Data is cross-checked against itself, I.e., information is verified against other information to ensure that the data is consistent and makes sense. For instance, the numbers of males and females must match the disaggregation/categorization by sex that was reported; also, the ages and dates of birth that were collected must match, and be consistent with, the reported disaggregation/categorization by age. If anomalies and consistencies were detected in those cross-checks, data is checked again by all relevant teams and corrections are made. Data can also be cross-checked against sector-specific information for accuracy and consistency.

One of the risks of data inaccuracies that were reported by the organization was that some beneficiaries may change their names in hopes they’d get more aid posing as different people. This is something that is important to consider, for the purposes of this pilot, and is also one of the reasons why we explored the use of biometrics with the system.

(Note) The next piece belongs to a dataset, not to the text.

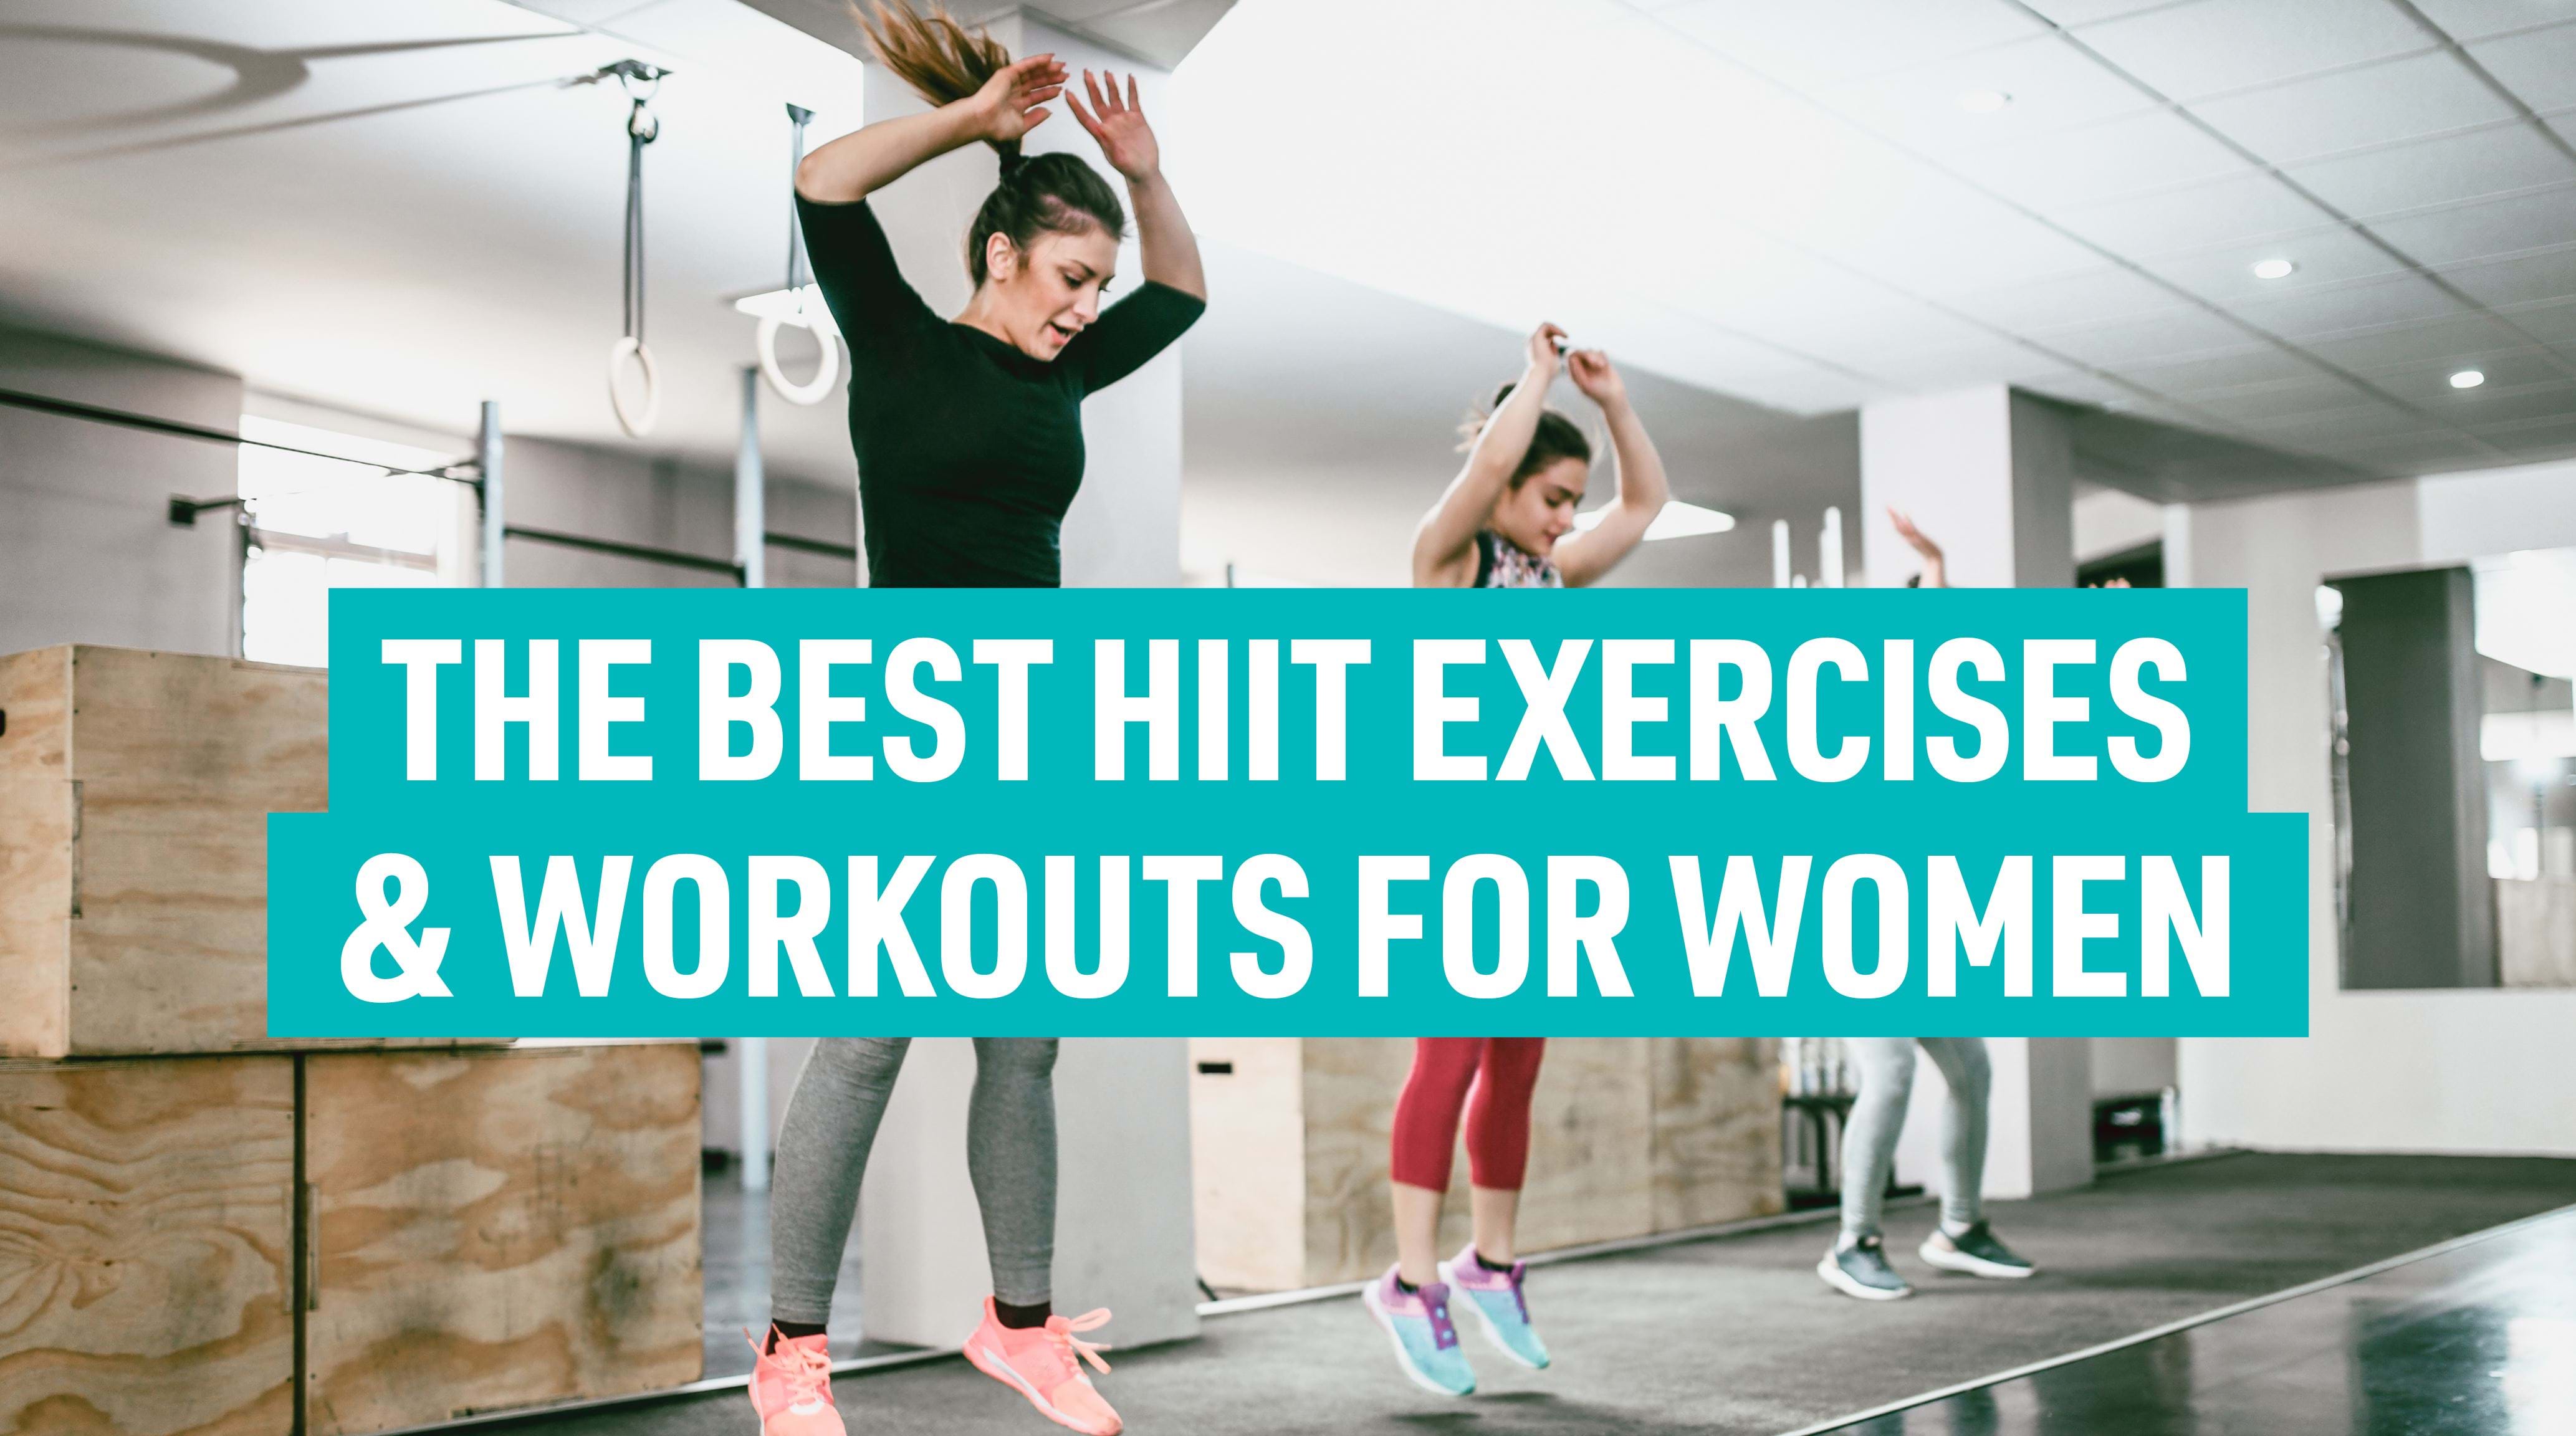 The Best HIIT Exercises & Workouts for Women
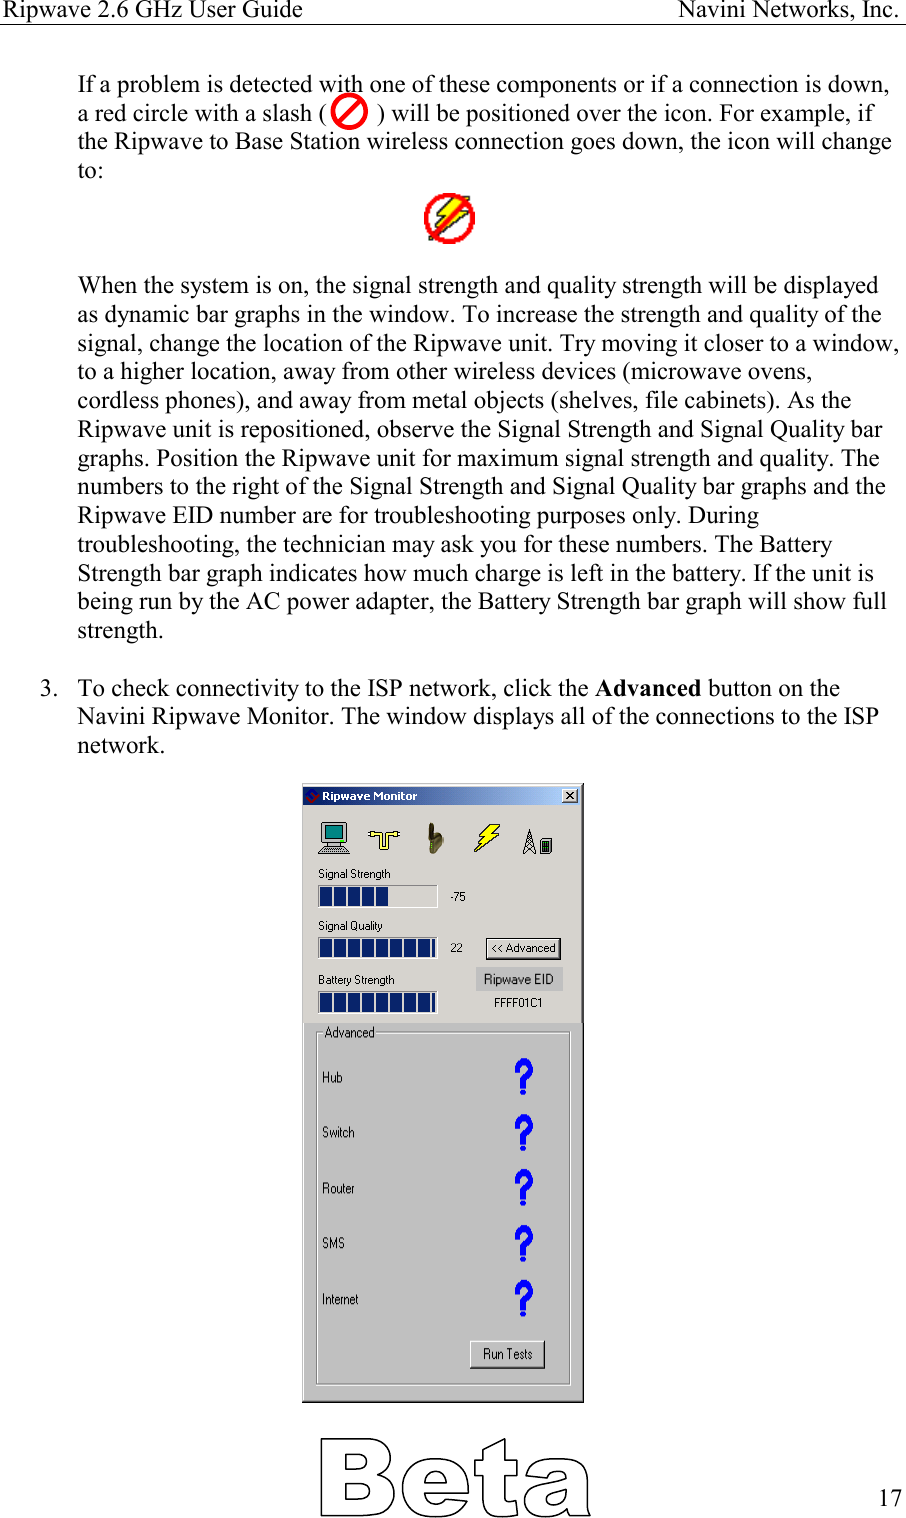 Ripwave 2.6 GHz User Guide                                                            Navini Networks, Inc. If a problem is detected with one of these components or if a connection is down, a red circle with a slash (        ) will be positioned over the icon. For example, if the Ripwave to Base Station wireless connection goes down, the icon will change to:     When the system is on, the signal strength and quality strength will be displayed as dynamic bar graphs in the window. To increase the strength and quality of the signal, change the location of the Ripwave unit. Try moving it closer to a window, to a higher location, away from other wireless devices (microwave ovens, cordless phones), and away from metal objects (shelves, file cabinets). As the Ripwave unit is repositioned, observe the Signal Strength and Signal Quality bar graphs. Position the Ripwave unit for maximum signal strength and quality. The numbers to the right of the Signal Strength and Signal Quality bar graphs and the Ripwave EID number are for troubleshooting purposes only. During troubleshooting, the technician may ask you for these numbers. The Battery Strength bar graph indicates how much charge is left in the battery. If the unit is being run by the AC power adapter, the Battery Strength bar graph will show full strength.  3.  To check connectivity to the ISP network, click the Advanced button on the Navini Ripwave Monitor. The window displays all of the connections to the ISP network.      17

Data collection and management tools

There are several technology tools used to efficiently collect and manage data, these tools are: Kobo Collect, Microsoft Excel, Power BI, and a local mobile application. Kobo Collect is used to design data collection surveys and collect beneficiary data, and store that data in the Kobo Collect account. Microsoft Excel is used for data cleaning, aggregation as well as reporting (using Pivot Tables and similar Excel features). Power BI is used for data and trends monitoring purposes over time, such as the monitoring of assessments, baselines, and changes on indicators. The Mobile App is an offline tool used to verify the identity of the beneficiaries during distribution. The team downloads the beneficiary information and pictures to the application and then use it to verify the identity of each beneficiary household before giving them their allocated aid. Local Hard Drives and Google Drive are used for securely and safely storing and backing up the beneficiary information.

Data protection law compliance requirements

The organizations are required to comply with the Nigerian Law on Data Protection (more on that later) as well as the GDPR. The organizations are not only committed to compliance with these regulations, but they also take extra measures to ensure the safety and security of their beneficiaries; among (but not limited to) the measures adopted for compliance are the following:

The beneficiaries’ consent is obtained by the field teams, prior to collecting their information. Also, consent is obtained specifically for taking family pictures. Beneficiaries that aren’t comfortable with their pictures being taken can choose not to have it captured.
No personal data is shared publicly or with external third parties; only aggregates are shared on a need-to-know basis, and these aggregates do not contain any personally identifiable information. The teams double check aggregates before sharing with external institutions.
All teams undergo training on how to handle and process beneficiary data, ensuring that this data is always stored securely and safely and that breaches are avoided.
Access to beneficiary information is restricted, and only certain individuals have access to it and for specific purposes and uses.
Data collection survey questions are reviewed and double checked before use to ensure that there are no unnecessary questions (for information that isn’t needed) being asked, specifically about sensitive information that may put beneficiaries in danger. Further, beneficiaries always have the right not to provide answers to questions.
Beneficiaries have access to the data that is collected about them, and they can, at any time, request access to that data, or request that this data is deleted.

What this means for the use of the system

These findings will be considered when designing and configuring the GeniusChain UID Platform for duplication detection. The findings demonstrate that the UID platform already accommodates the needs of the Nigerian context, from a technical perspective; which means that no technical changes are required at the moment.